The thrust means 6 comprises a frame having disc members 22,24,26 and 28. The disc members 22,24,26 are mounted on rods 30 as shown. Ihe disc members 22,24,26 are spaced as desired from each other by sleeves 32,34 which are provided over the rods 30 as shown. The disc members 22,24,26 are secured together on the rods 30 by means of nuts 36,38 screwing over screw threaded ends 40,42 respectively on the rod 30.
Washers 44 are provided between the nuts 36 and the disc member 22. Washers 46 are provided between the nuts 38 and the disc member 24.
The coil springs 14 are each mounted on a guide rod 48. The guide rods 48 act to prevent the coil springs 14 from collapsing during use of the thrust producing apparatus 2.
The disc member 28 is provided with apertures 50. The guide rods 48 pass through the apertures 50 so that the disc member 28 is a sliding fit along the guide rods 48.
The end 52 of each coil spring 14 nearest the balls 10 abuts against a cap 54. The caps 54 are engaged by the balls 10 as the drive means 4 rotates during use of the thrust producing apparatus 2. More specifically, as the disc portion 16 rotates, the balls 10 are also caused to rotate and they pass sequentially over the caps 54 since the balls 10 and the caps 54 are both arranged in circles having the same diameter.
The end 56 of each coil spring 14 remote from the balls 10 is housed in a recess 58 in the disc member 28.

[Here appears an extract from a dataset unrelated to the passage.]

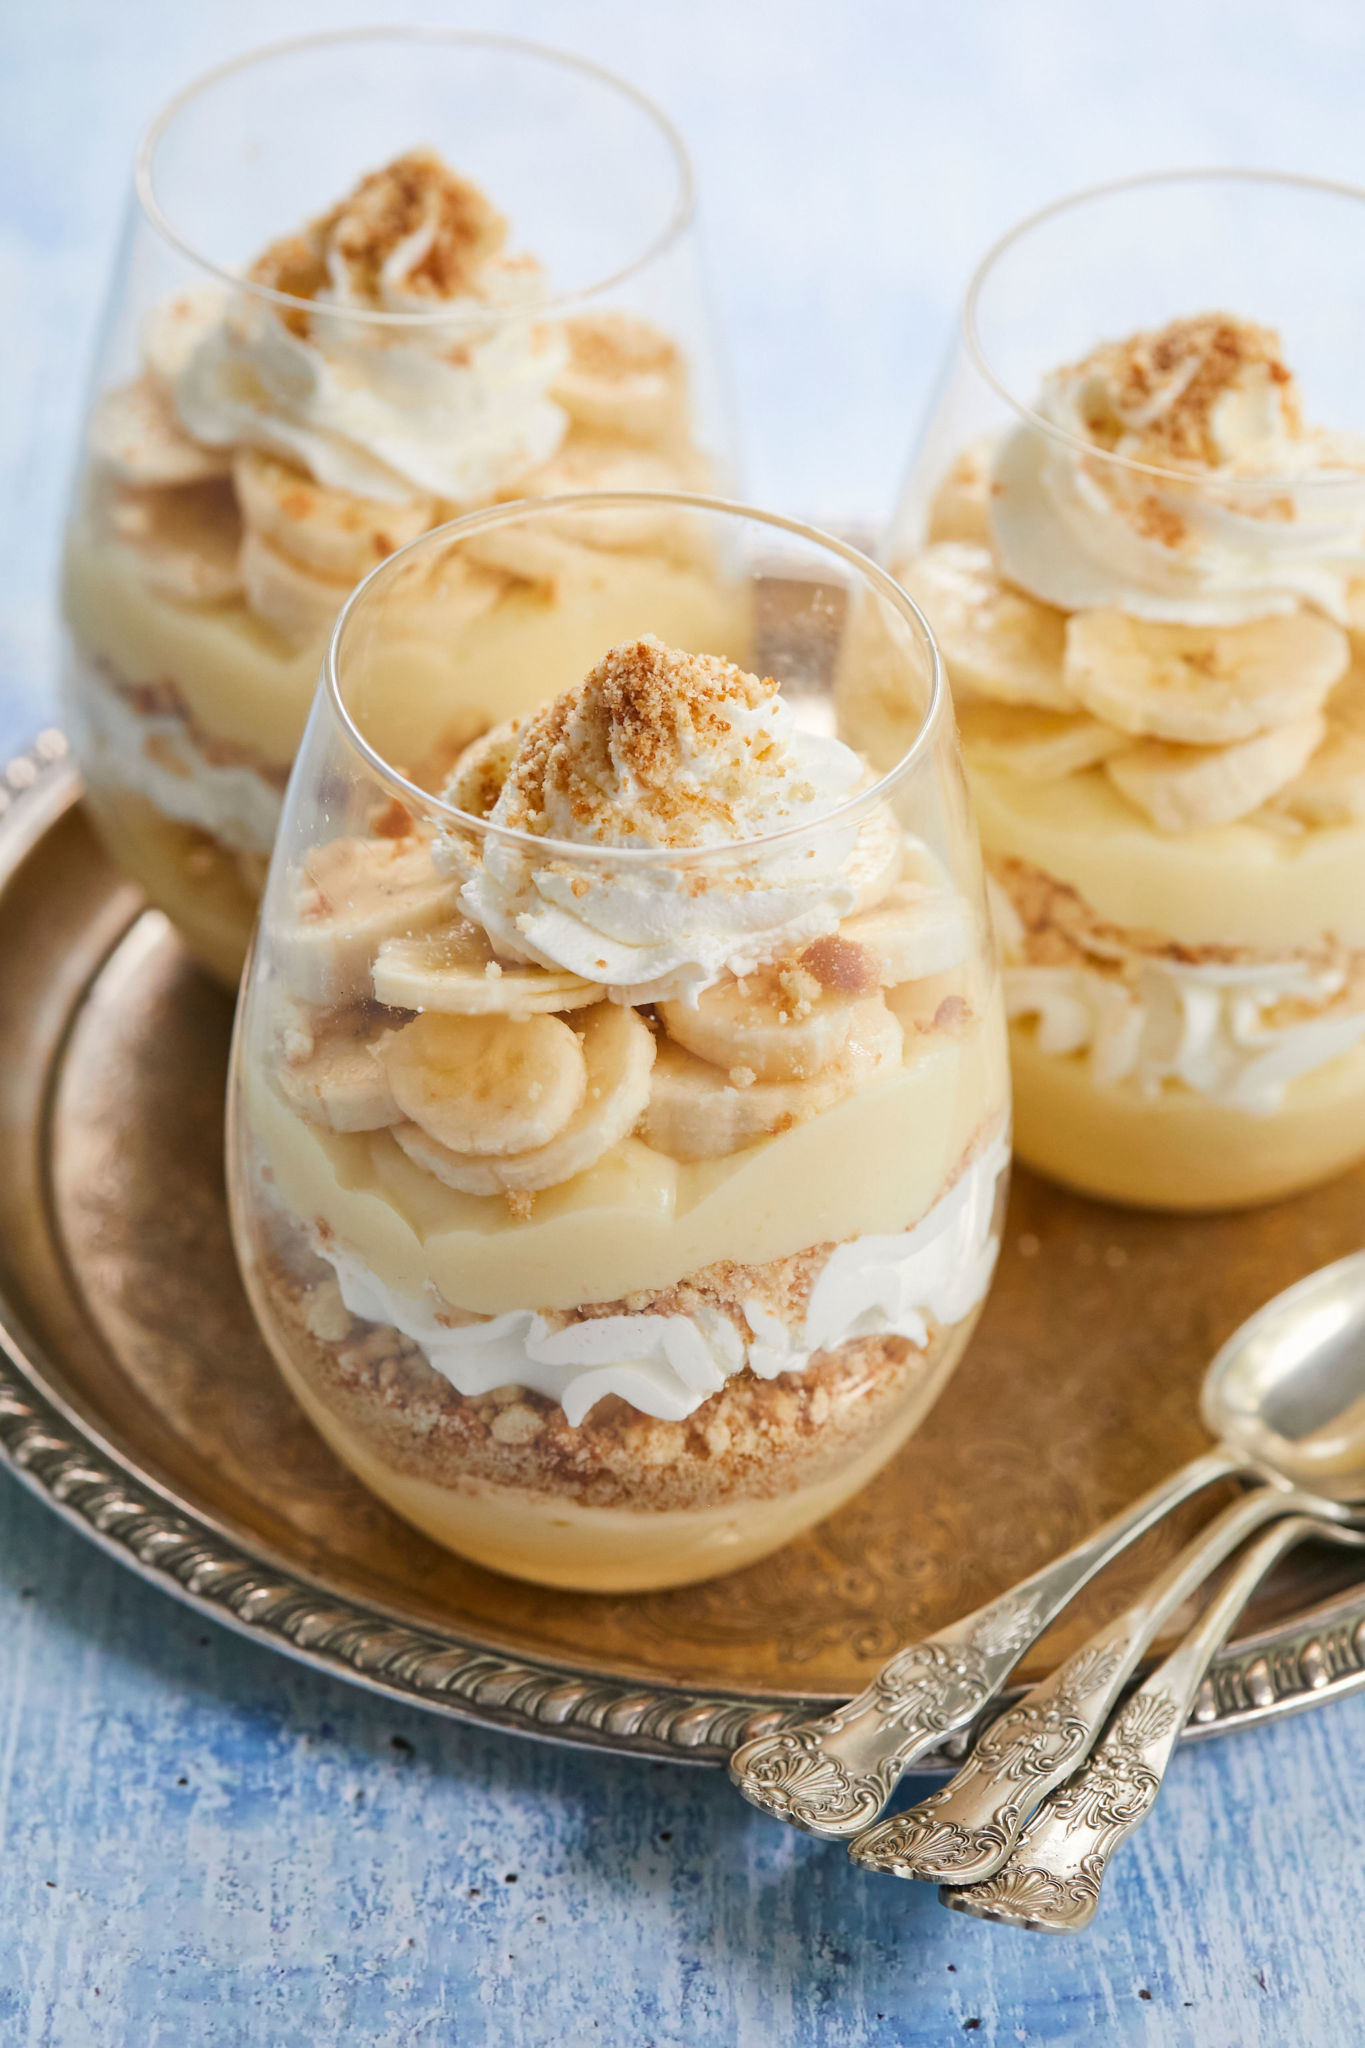 Three servings of my Banana Pudding recipe — in glasses instead of traditional serving dishes.

The thrust producing apparatus 2 includes adjustor means 60 for adjusting the compression of the coil springs 14. The adjustor means 60 comprises a rotateable knob 62 and a screw threaded shaft 64. The shaft 64 can be screwed through a screw threaded aperture 66 in the disc member 22. The shaft 64 bears on the disc member 28 so that it can force the disc member 28 to the left as shown in Figure 1, against the pressure of the coil springs 14, thereby to adjust the compression of the coil springs 14.
The drive means 4 is able to rotate because the input shaft 18 rotates in a bearing 68.
The bearing 68 has balls 70, a first bearing part 72 recessed into the disc member 24, and a second bearing part 74 recessed into the disc portion 16. A stub axle 76 extends from the disc portion 16 as shown and this stub axle 76 rotates in a bearing 78 having balls 80. The drive means 4 is held in position by means of a nut 82 and a washer 84, the nut 82 screwing over a screw threaded end 86 of the stub axle 76.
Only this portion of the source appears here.